How to complete this task> Leave out the pictures and restate exactly, and only, the lines from the one that contains "WWE Stone Cold" through the final line of the material below.

The data>

┏━━

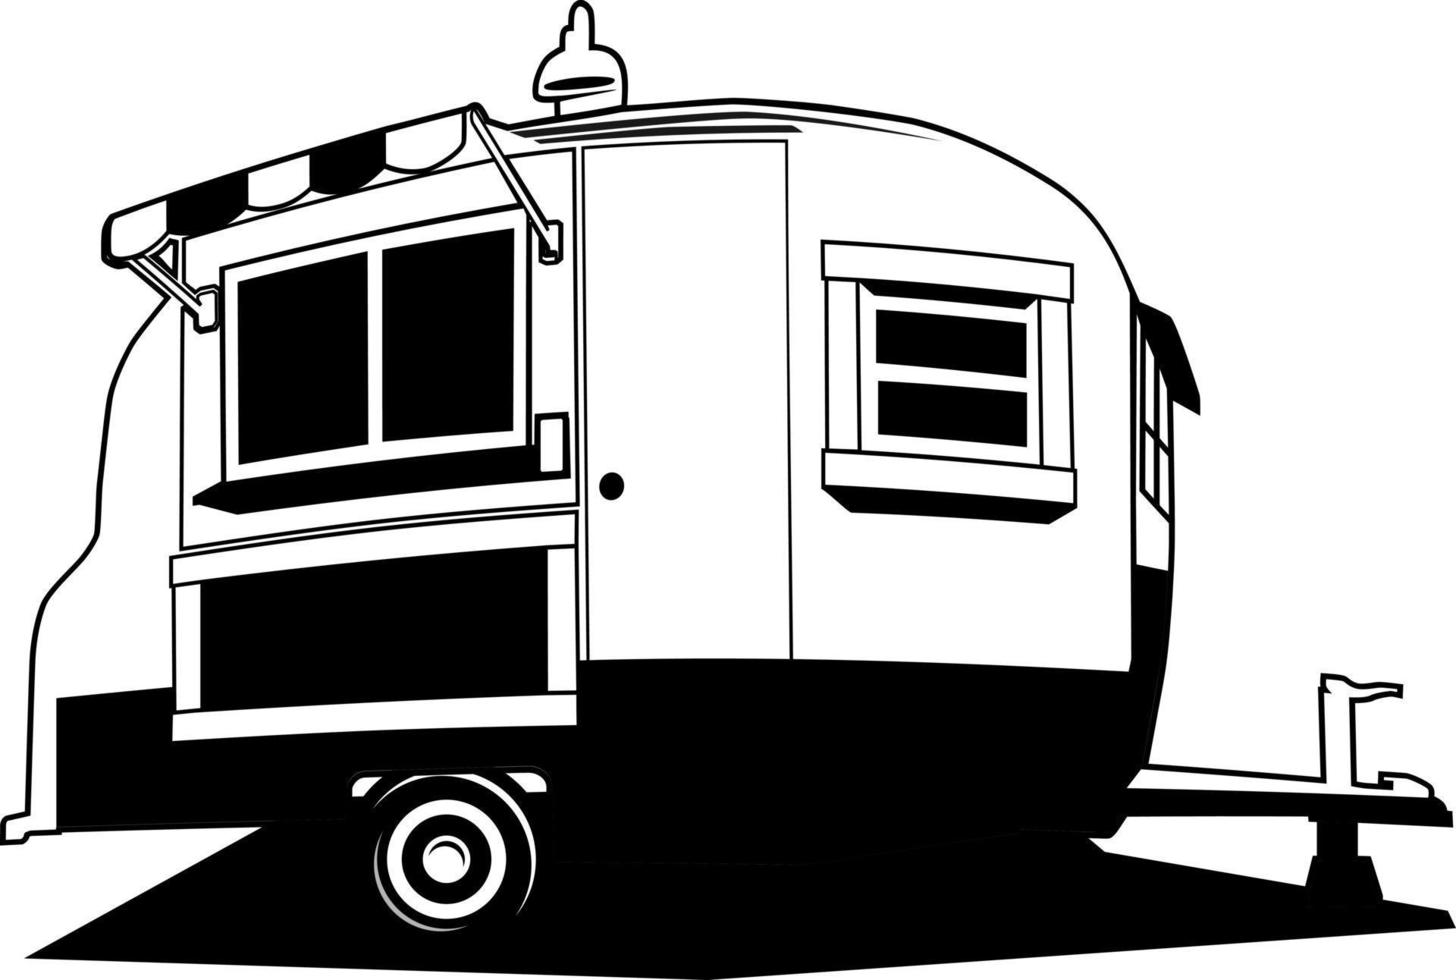 caravan design logo icon vector
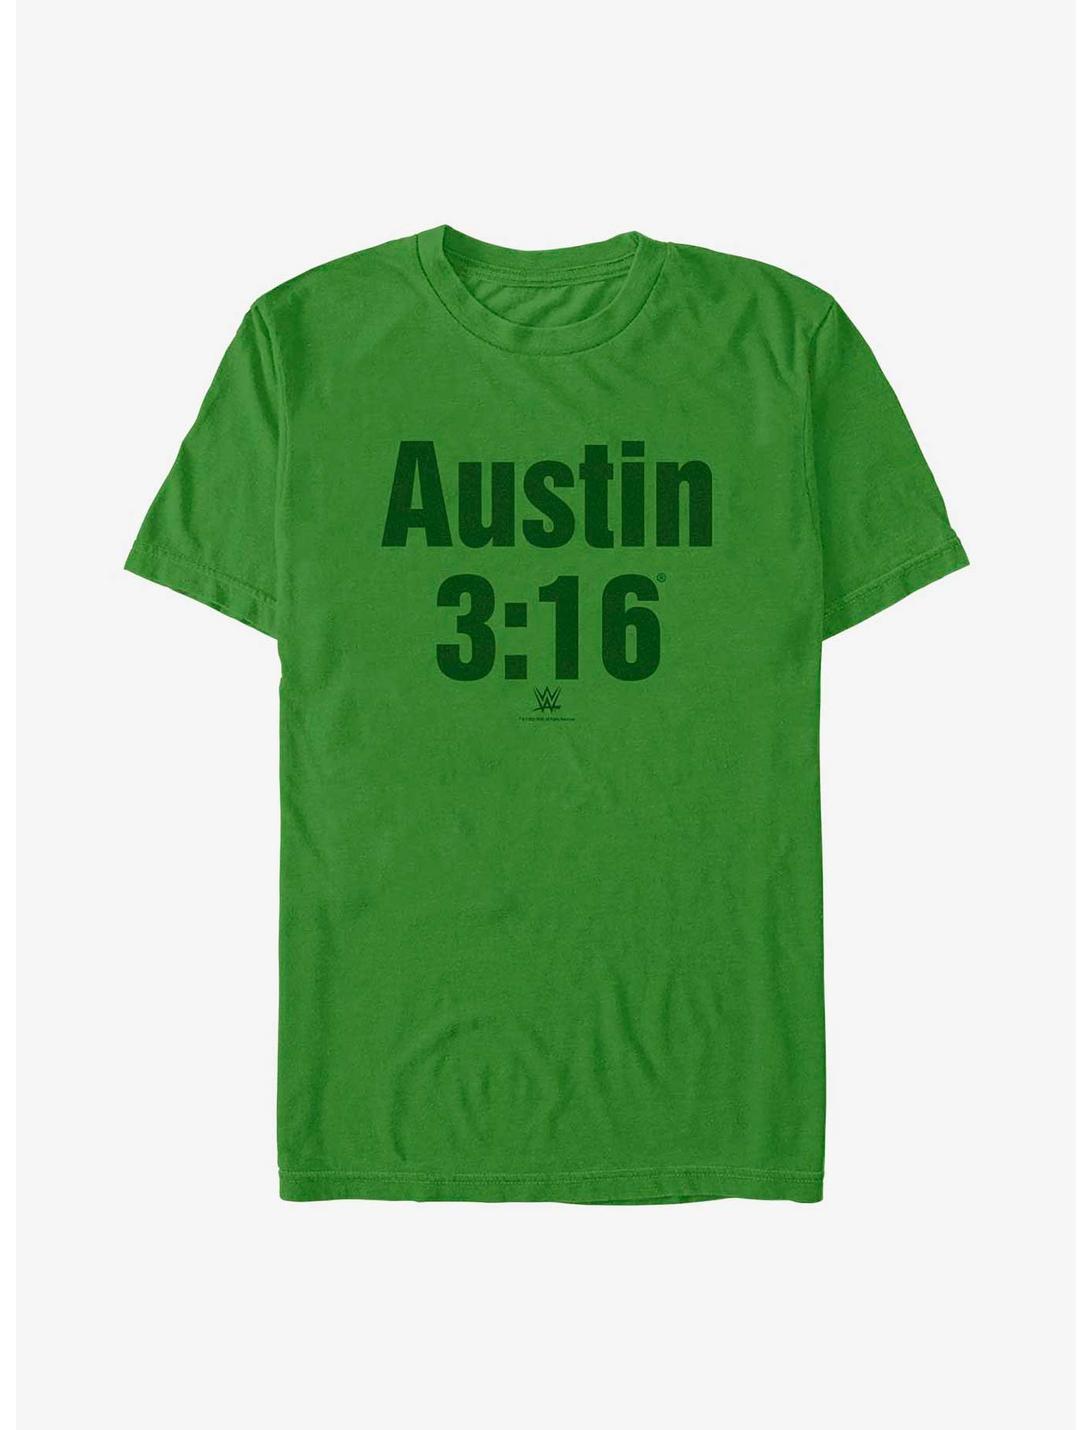 WWE Stone Cold Steve Austin 3:16 Green Era T-Shirt, KELLY, hi-res
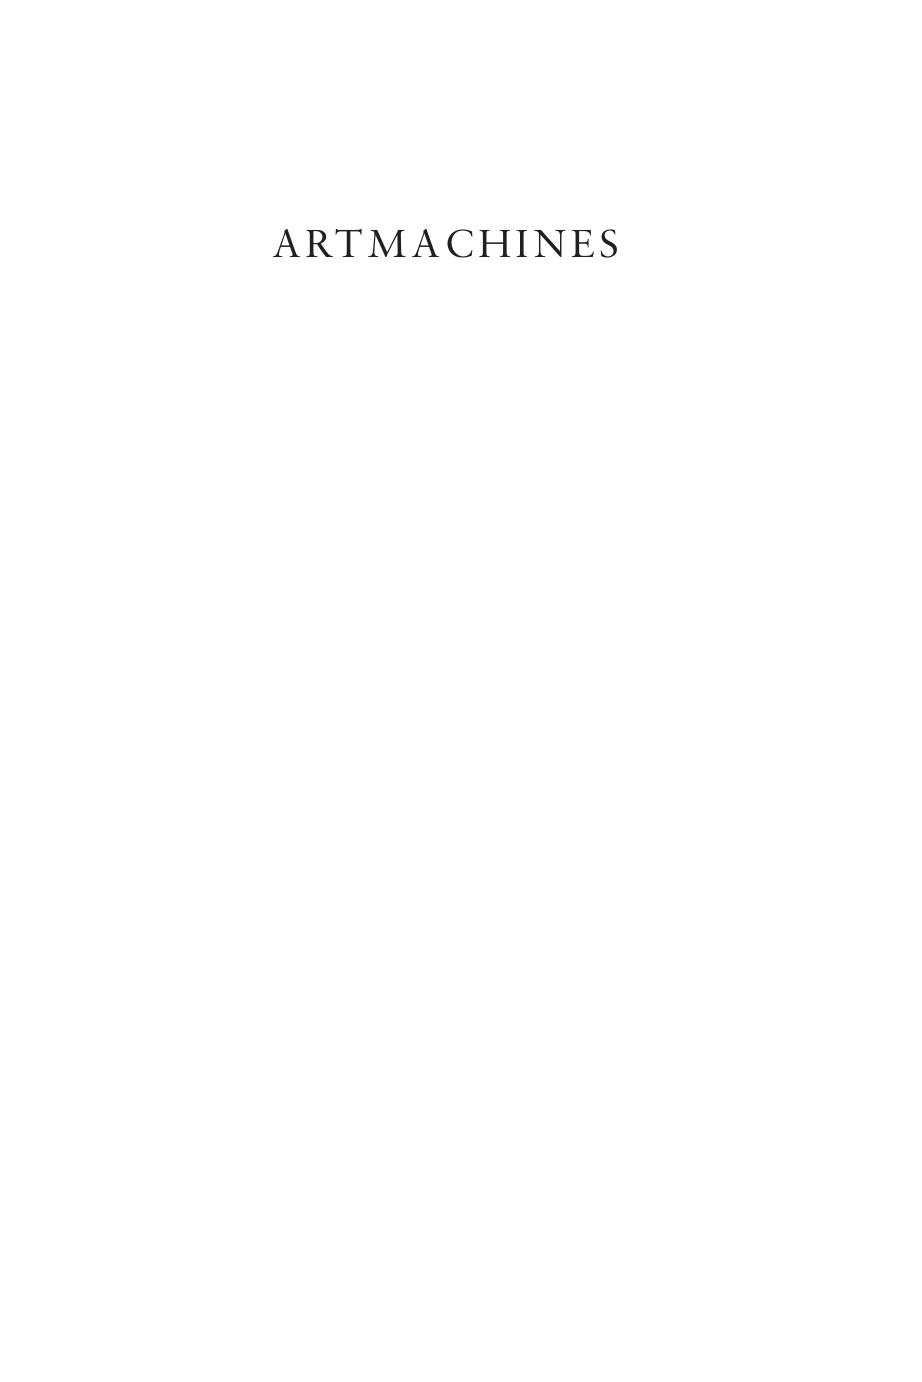 Artmachines: Deleuze, Guattari, Simondon by Anne Sauvagnargues; Suzanne Verderber; Eugene W. Holland
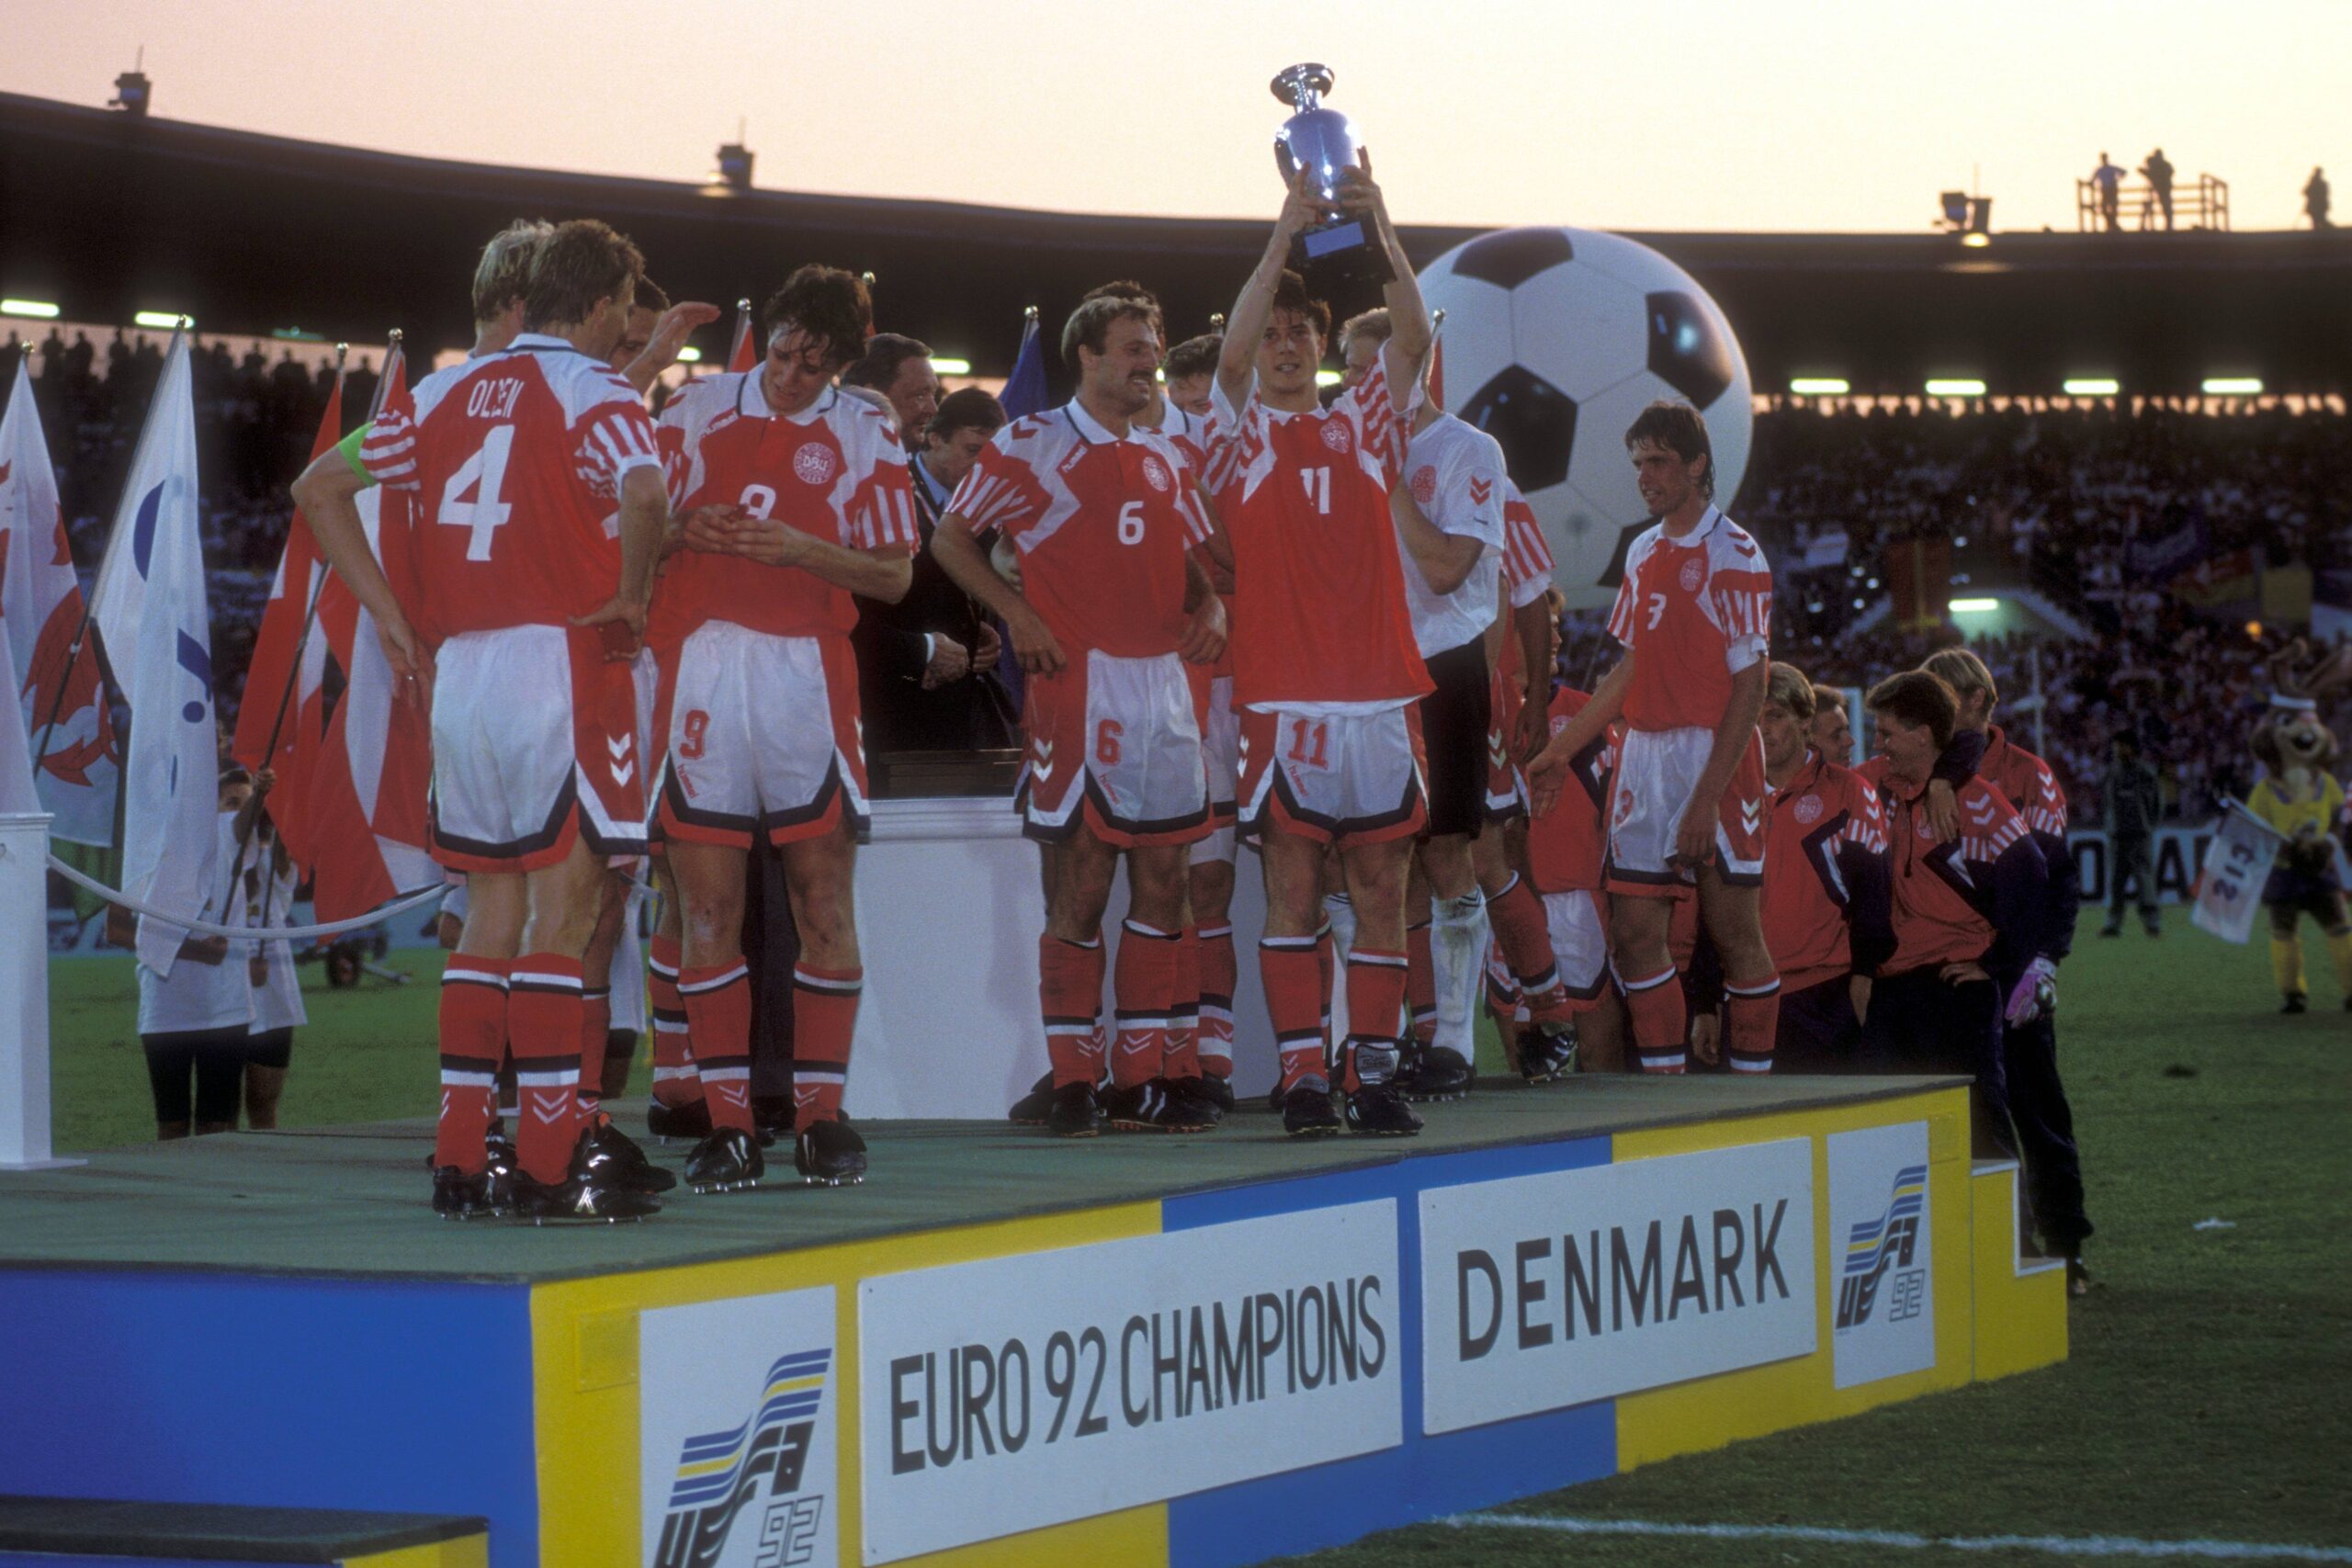 Denmark European Champions IMAGO / WEREK

┗━━

Output of the exercise>
 WWE Stone Cold Steve Austin 3:16 Green Era T-Shirt, KELLY, hi-res
 Artmachines: Deleuze, Guattari, Simondon by Anne Sauvagnargues; Suzanne Verderber; Eugene W. Holland
 Denmark European Champions IMAGO / WEREK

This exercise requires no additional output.